**** Dataset ****

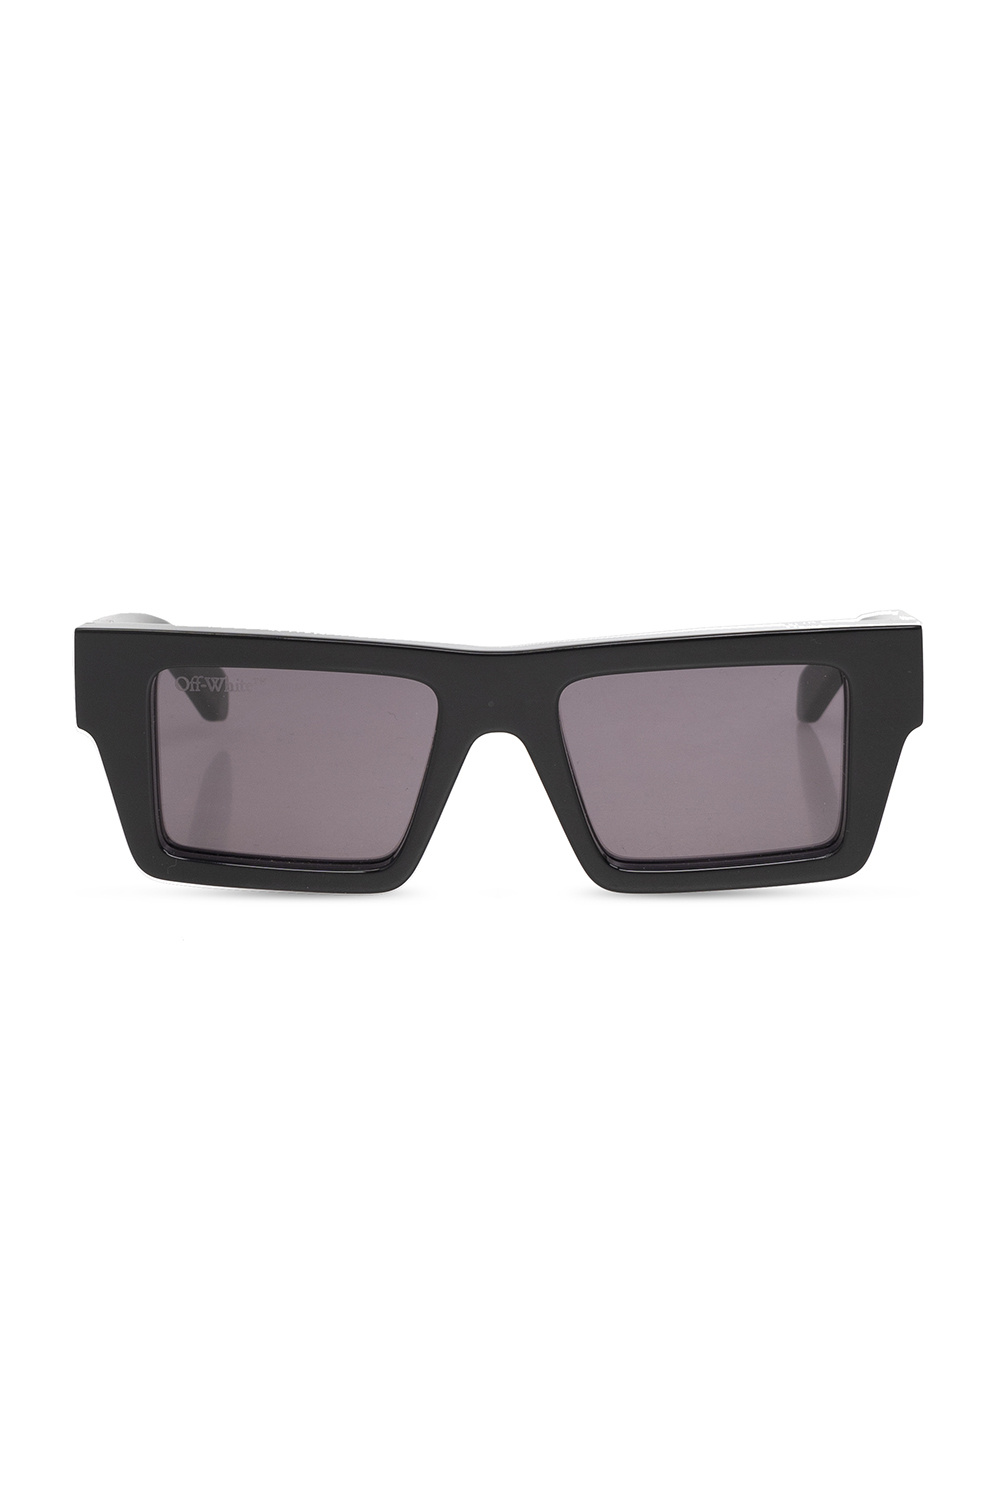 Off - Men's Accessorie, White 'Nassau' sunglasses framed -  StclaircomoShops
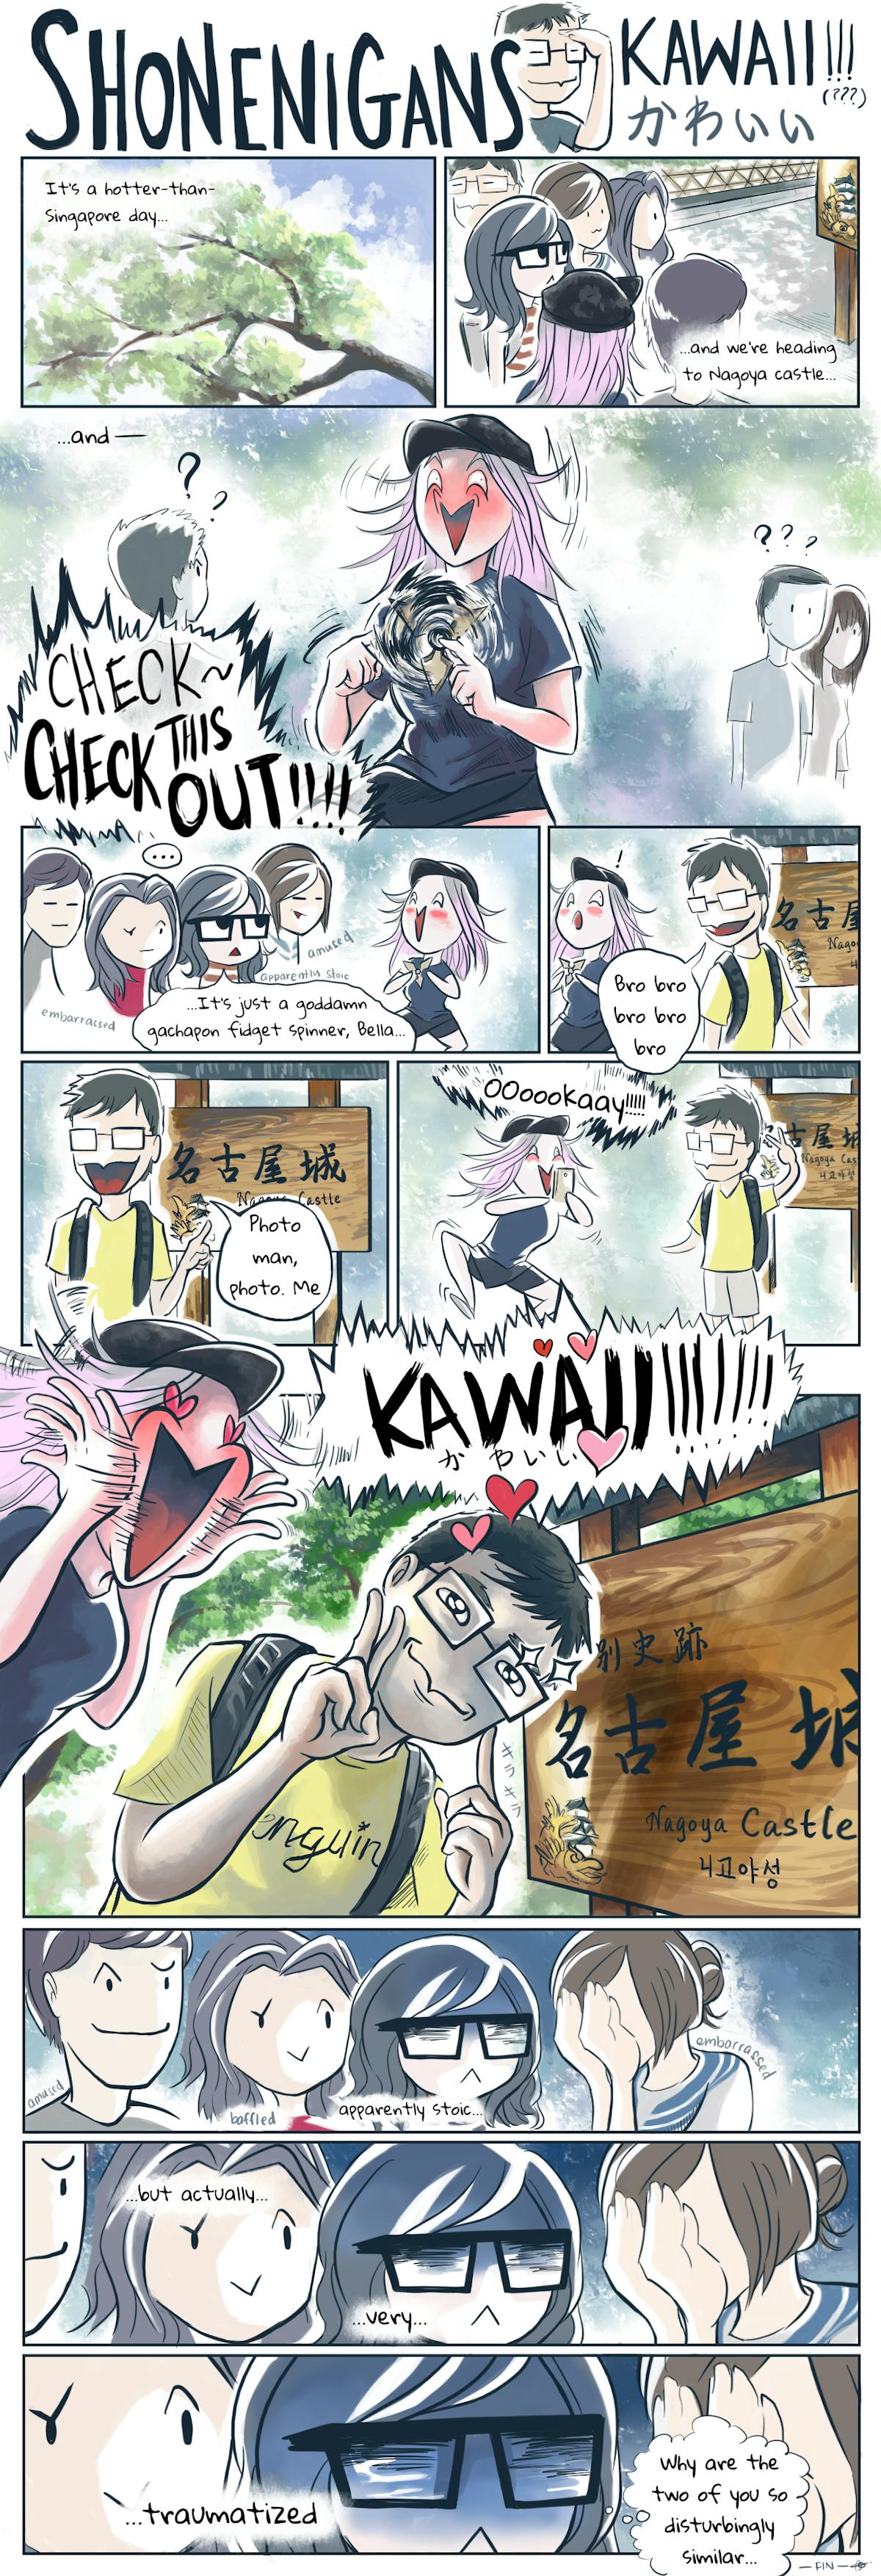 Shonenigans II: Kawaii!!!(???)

****
**** Dataset ****

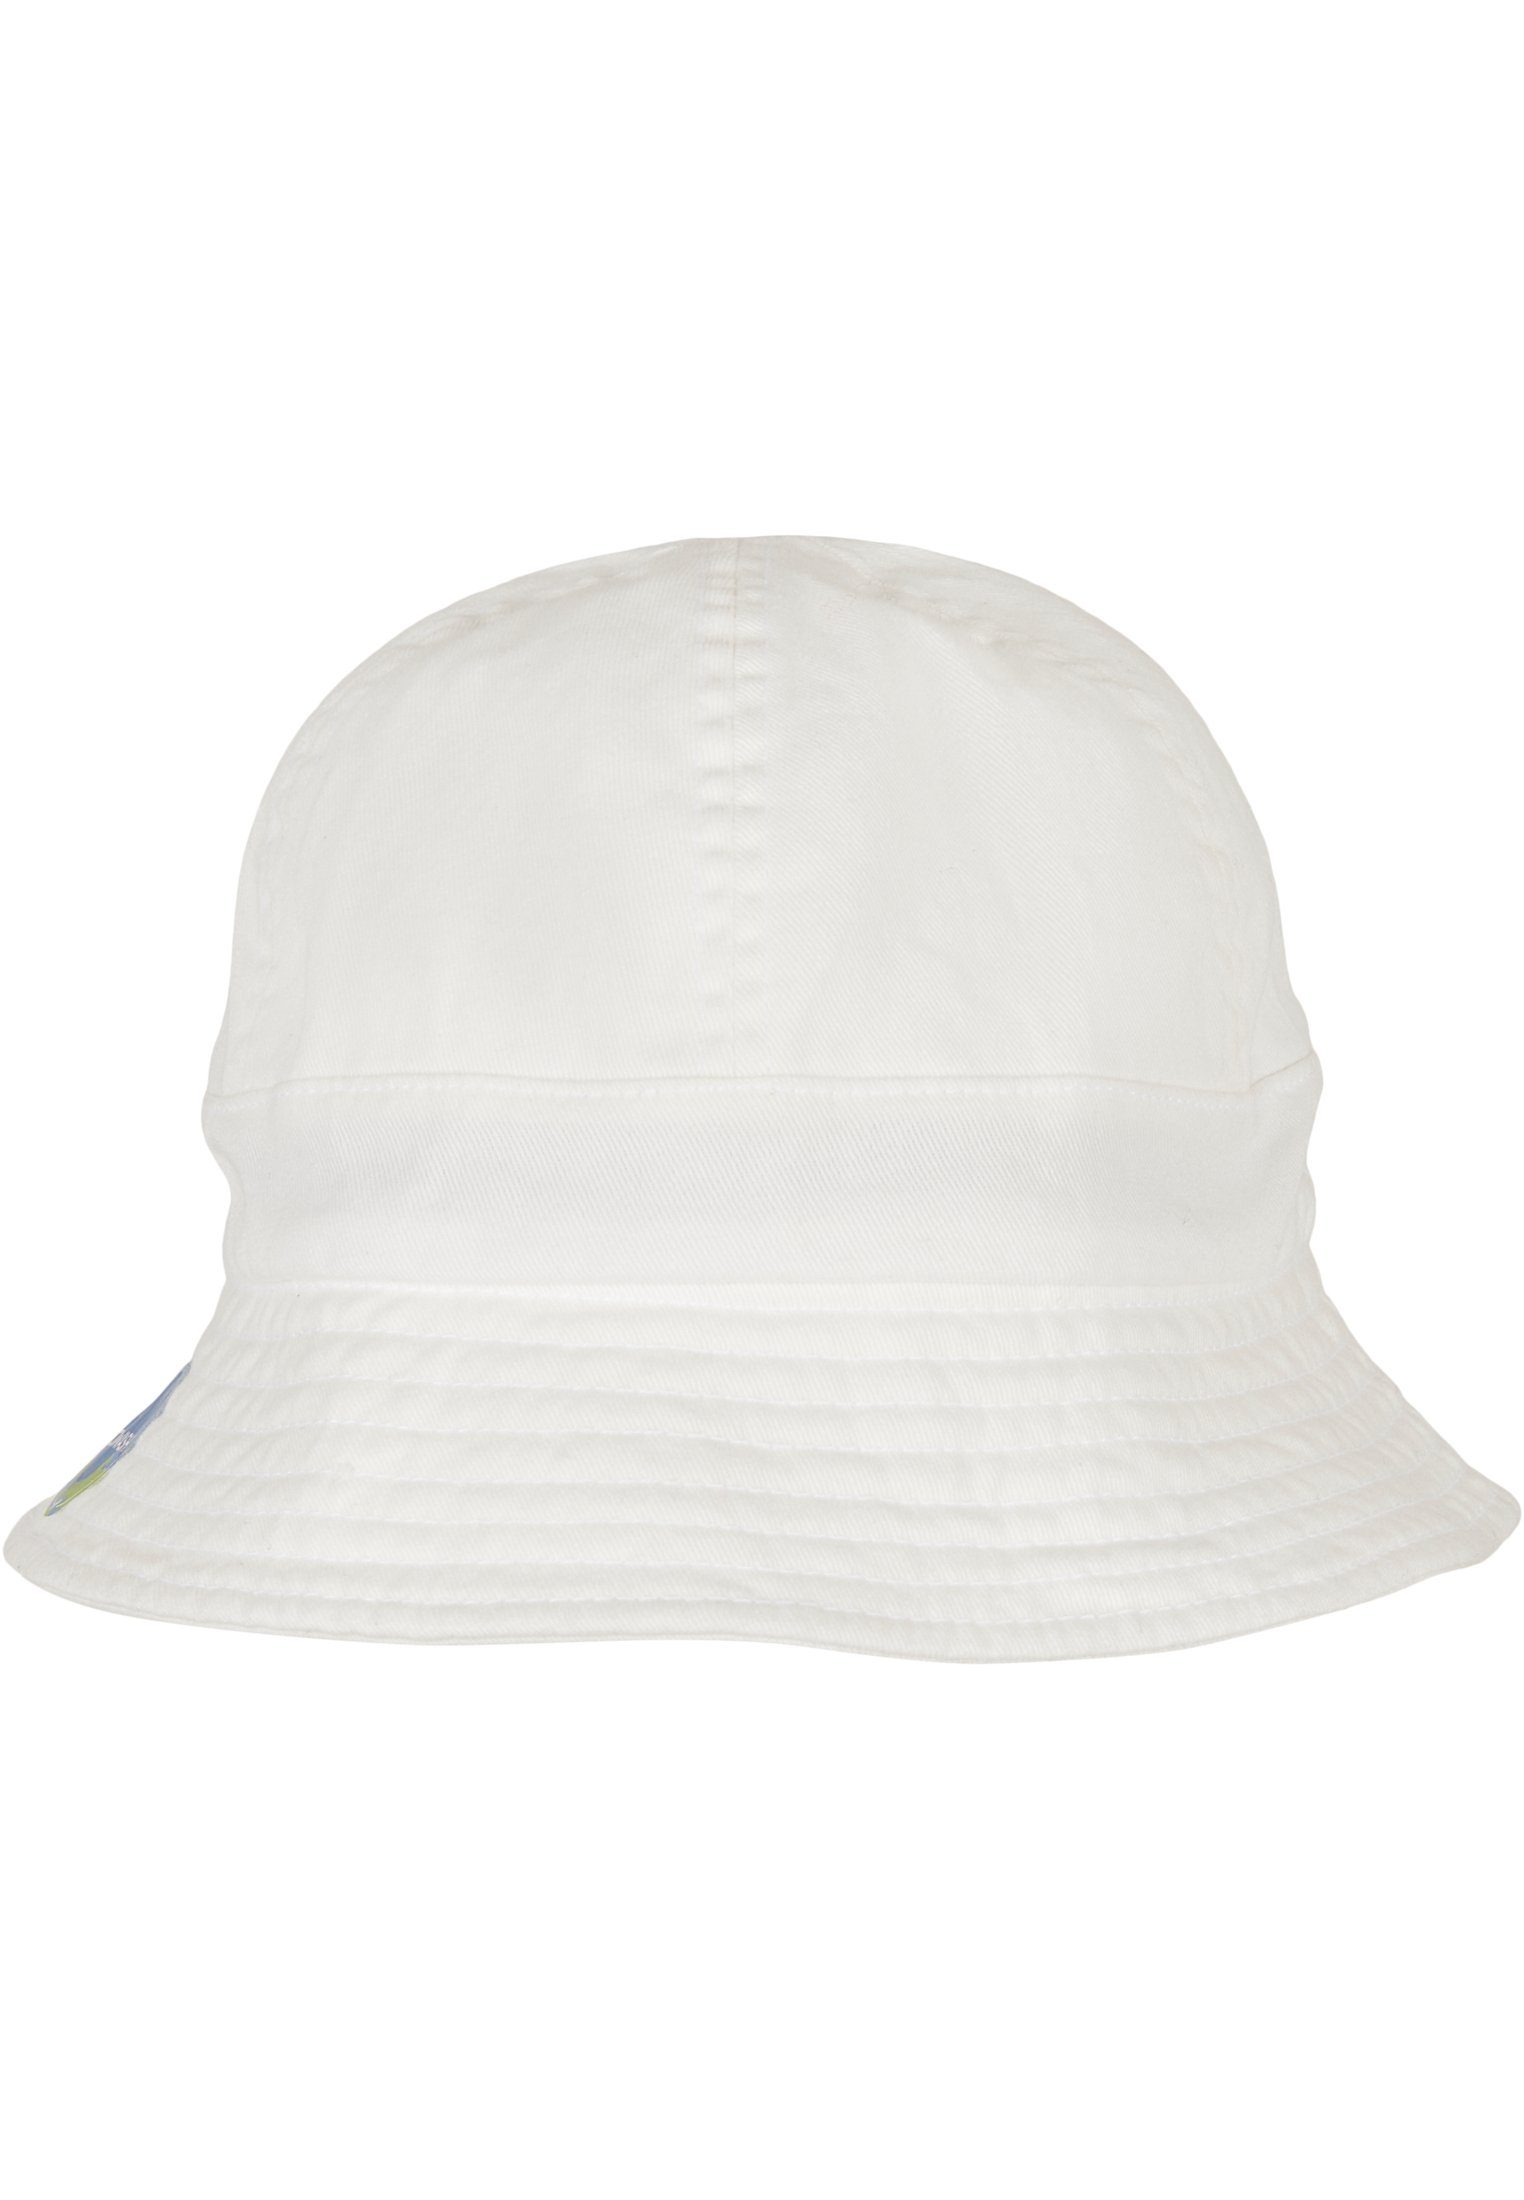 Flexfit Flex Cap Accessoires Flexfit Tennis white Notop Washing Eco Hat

****

Required action
Using the entries above, extract exactly the lines from the one that contains "Off - Men's" through the one that contains "Shonenigans II: Kawaii!!!(???)". Do not carry over any pictures.

The answer
 Off - Men's Accessorie, White 'Nassau' sunglasses framed -  StclaircomoShops
 Shonenigans II: Kawaii!!!(???)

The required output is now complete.